At a conference on Monday, Benjamin Melman, global chief investment officer at Edmond de Rothschild Asset Management in Paris, said on the plus side, the mixed vote result meant “there won’t be a Liz Truss moment” of fireworks. in the bond market. from a strong change in fiscal policy. But, he added, “I don’t see a solution to the medium and long-term problems facing France.” The country should prepare for one or two more downgrades from rating agencies, he added, and more parliamentary elections in a year or so.
Politically, everything has changed in France. Economically, the things investors really care about, not so much. That’s why so far (and it’s worth remembering that these are early days, a lot can go right or wrong from here) we’ve only seen temporary dips in the euro, French stocks and government bonds country.
In fact, gridlock, bickering and posturing, while they may be bad for democracy, are in many ways exactly what investors want to see continue. They had been nervous about the prospect of a far-right government. Although the RN had promised to play nice with the markets, the prospect of the party spending years fighting with the EU over budgets posed the risk of France becoming the new Italy, which has historically been vulnerable to bond market swings. In a worst-case scenario, the RN could revive its love of Frexit.

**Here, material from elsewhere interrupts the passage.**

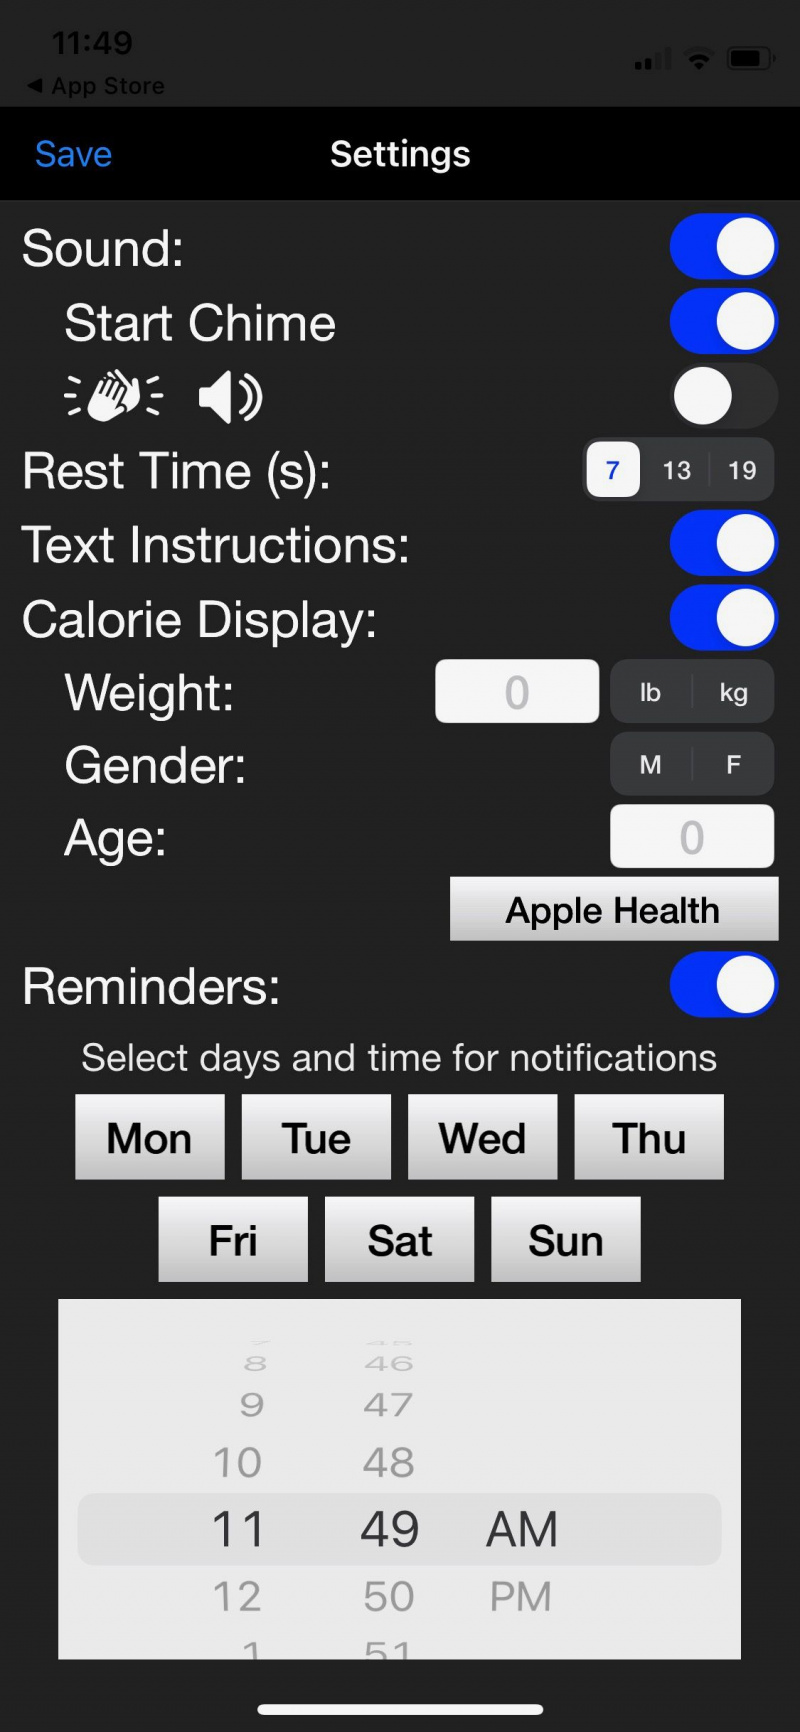   צילום מסך של שרירי בטן יומי המציג את הגדרות האפליקציה

But they had also been nervous about the possibility that the far left would also emerge victorious. In fact, they still are. As UBS Global Wealth Management chief investment officer Mark Haefele noted on Monday, one option for President Emmanuel Macron now is to appoint a prime minister from the party that won the most seats, in this case the left-wing Nouveau Front Populaire.

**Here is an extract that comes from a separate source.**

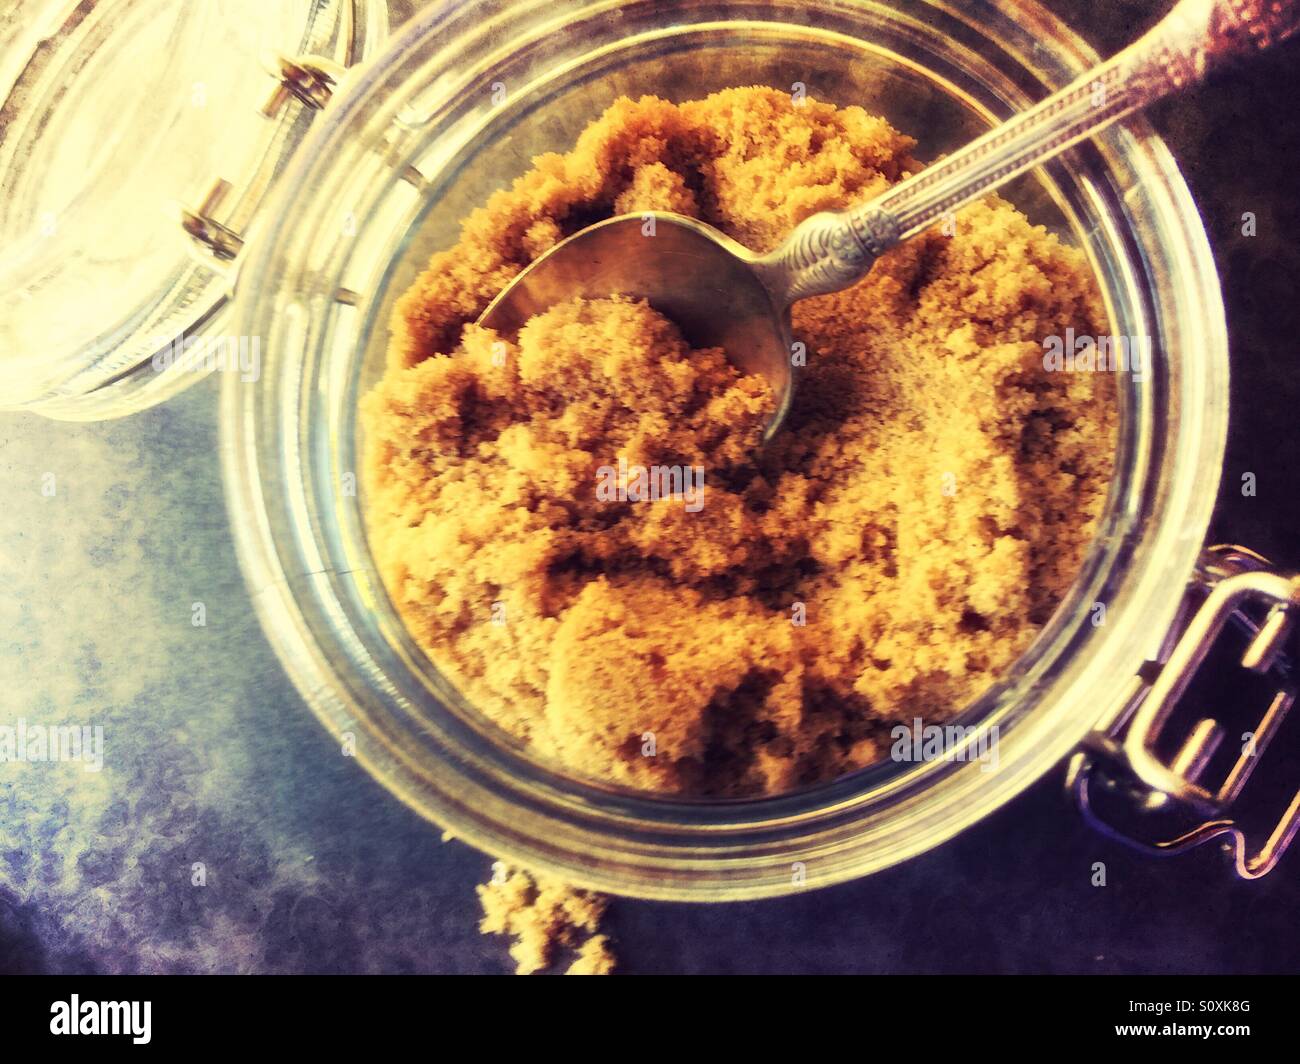 Brown sugar en un tarro de vidrio Foto de stock

“An NFP government would likely try to undo recent pension and unemployment reforms, raise the minimum wage and not engage in fiscal consolidation, in our view,” Haefele and his team wrote on Monday. “We believe that the NFP program, if implemented as proposed, could lead to a significant worsening of the already high budget deficit.” This is not a great result for French government borrowing costs, which is not a great result for corporate France. In turn, this is why for many, an ineffectively hung parliament is the best of a series of unpleasant options.
All this drama will hang not only over France, but all of Europe for some time. “It is possible that the asset allocations of [French equities] will be reduced forever,” said Frederic Leroux, a member of the strategic investment committee at French investment house Carmignac.
In addition, all of this provides another perverse reason for global investors outside of Europe to give the continent a wide reach. “The problem is the perception outside of Europe of Europe,” said Nicolas Faller, co-chief executive for asset management at Swiss wealth manager UBP. “Every year we have a good reason not to invest in Europe,” he said. There’s always something popping up to pique the interest of customers in Asia, for example. Why bother trying to understand the complexities of Europe when the US moves fast, breaks things and delivers strong market returns?
Overall, this result is a surprise. Opinion polls had indicated a far-right majority that failed to materialize. This is a useful reminder not to rely too heavily on opinion polls ahead of the US election, which will be viewed poorly later this year. But as analysts at Rabobank said in a note: “This is surprising in style more than in substance . . . The result is the same, in that we are now likely to see a period of policy paralysis.” Plus what a difference really.